ES IMPORTANTE SABER

jueves, 2 de diciembre de 2010

Bondad - II (presente laboral)

Apenas cambié de trabajo, me pasé un par de meses en la oficina, medio al pedo y medio aprendiendo el lado burocrático de la producción musical estatal.

Un día se da una rareza: un concierto muy pequeño, en una sociedad de fomento que cumplía sus primeros cien años en Flores, pero muy importante porque el presidente de la misma era amigo del Secretario, el jefe del jefe de mi jefe.
Así que mi jefe decide que es una buena ocasión para que tenga mi primer asistencia a un concierto, porque es pequeña y simple, y porque él va a estar cerca para asegurarse de dejar bien parado a su jefe ante el secretario.

Decide llevar a quien después me enteraría que es uno de los caballitos de batalla todo terreno de la dirección: Hugo Marcel.
Yo, claro, ni idea de quién era.

Dado que el concierto era a la noche de un viernes, ese día no voy a la oficina, y haciendo las commpras por el barrio me encuentro con Andrea, una vecina con la que nos conocemos de tiempos más jipis míos e iguales suyos, y su hija Iara.
Con Iara nos comunicamos desde lo bestia, así que nos pasamos un par de horas con ella trepándome por la cabeza y yo revoleándola por el aire.
Llegué a la oficina a buscar a mi jefe tan fresco como se puede, relajado, contento. El contraste con los demás, que estaban viviendo la última hora de un viernes, era claro.

Salimos con mi jefe rumbo a Flores Sur. Como era la primera vez que teníamos un rato extenso a solas, empezamos a charlar desde lo más básico. Se quedó un momento en silencio cuando terminó de sacar las cuentas de que, entre que conozco amigas de su esposa, que mi madre trabaja en la función pública y se conoce con él, y que un tío político mío fuera músico durante años con su jefe directo, yo tenía tres vínculos distintos desde los cuales podría haberme presentado en la Dirección “apadrinado” por alguien, y sin embargo lo hice de modo totalmente autogestivo.
No le aclaré que en mi cabeza ningún vínculo sirve de carta de presentación y menos que menos los familiares.

Llegamos, hacemos los preparativos iniciales, y nos enteramos de que el Secretario no iba a asistir.

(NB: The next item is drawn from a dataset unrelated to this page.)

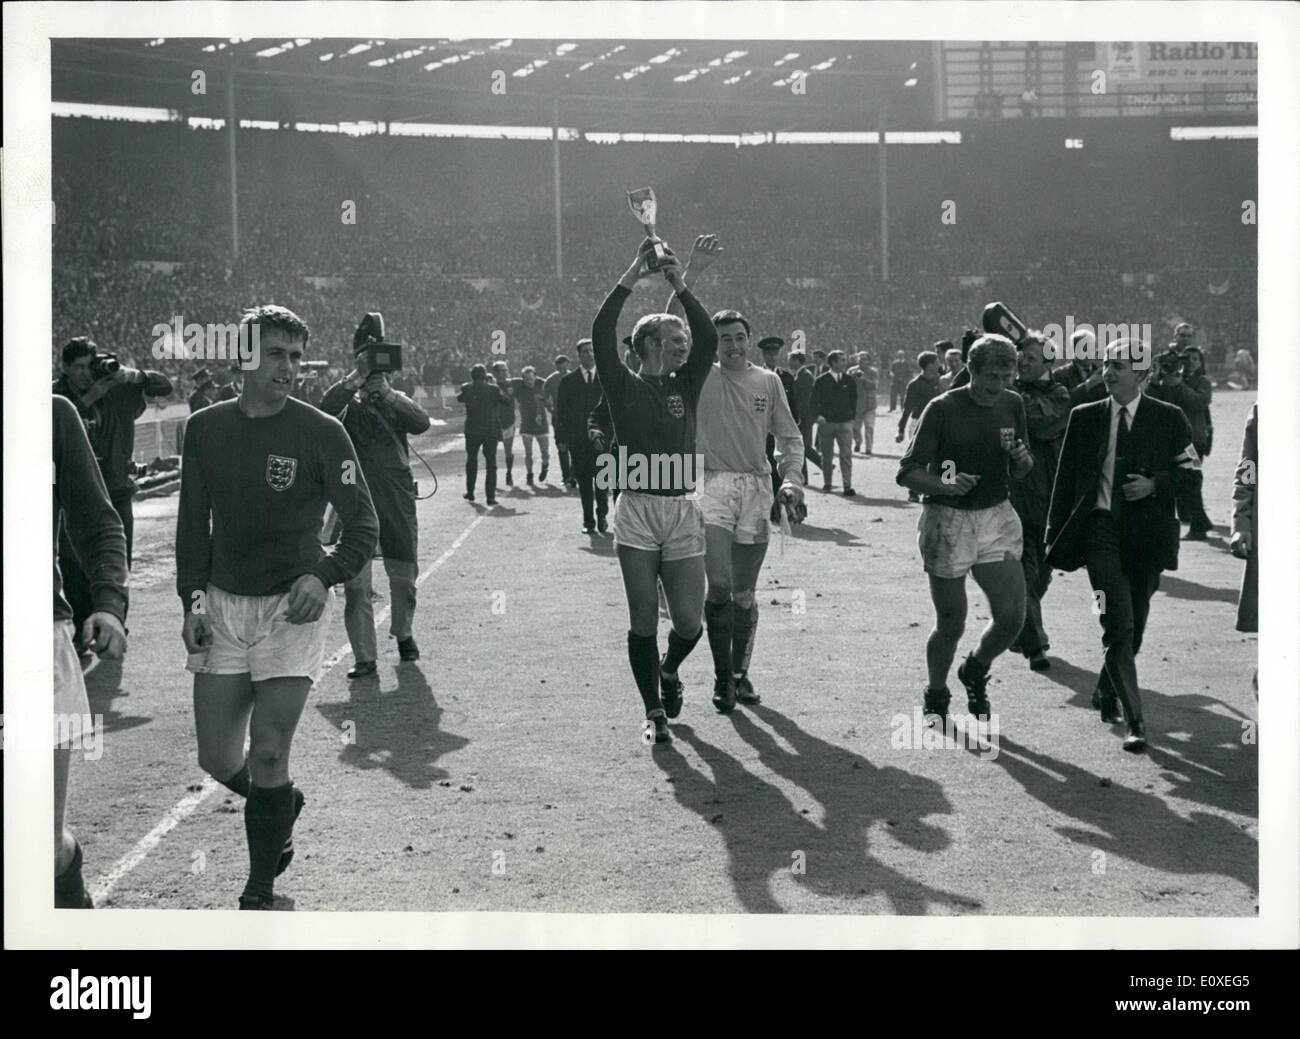 Lug. 07, 1966 - Calcio 1966 Coppa del mondo. La finale Inghilterra V. Germania Ovest allo Stadio di Wembley. In Inghilterra ha vinto 4-2 dopo un tempo supplementare.: Bobby Moore (l'Inghilterra del capitano) conduce la sua squadra intorno al Wembley passo dopo Inghilterra di Coppa del Mondo di vittoria finale contro la Germania Ovest. Foto Stock

Su madre si, una viejita encantadora que se rie de que su hijo no tiene más tiempo para verla y cuenta que tiene “69 años, y no quiero cumplir 70”, con una sencillez que parece rayar en la frivolidad.
Pero quién es uno para sentenciar.

Pensé que mi jefe se molestaría con la ausencia del secretario, que era su razón de venir, pero en vez de eso, dice “toda la presión que esto tenía acaba de desaparecer”.
Empezamos a charlar, me cuenta que está en un punto de su carrera donde no quiere crecer más, sino disfrutar de un poco de relajación. Pocos meses después empezaria a tomar un trabajo en megaeventos tras otro, todos con alrededor de una semana de preparación. Pero en ese momento le creí lo que decía.
Le pregunto sobre Hugo Marcel, sobre porqué lo convoca para eventos que le parecen tan importantes.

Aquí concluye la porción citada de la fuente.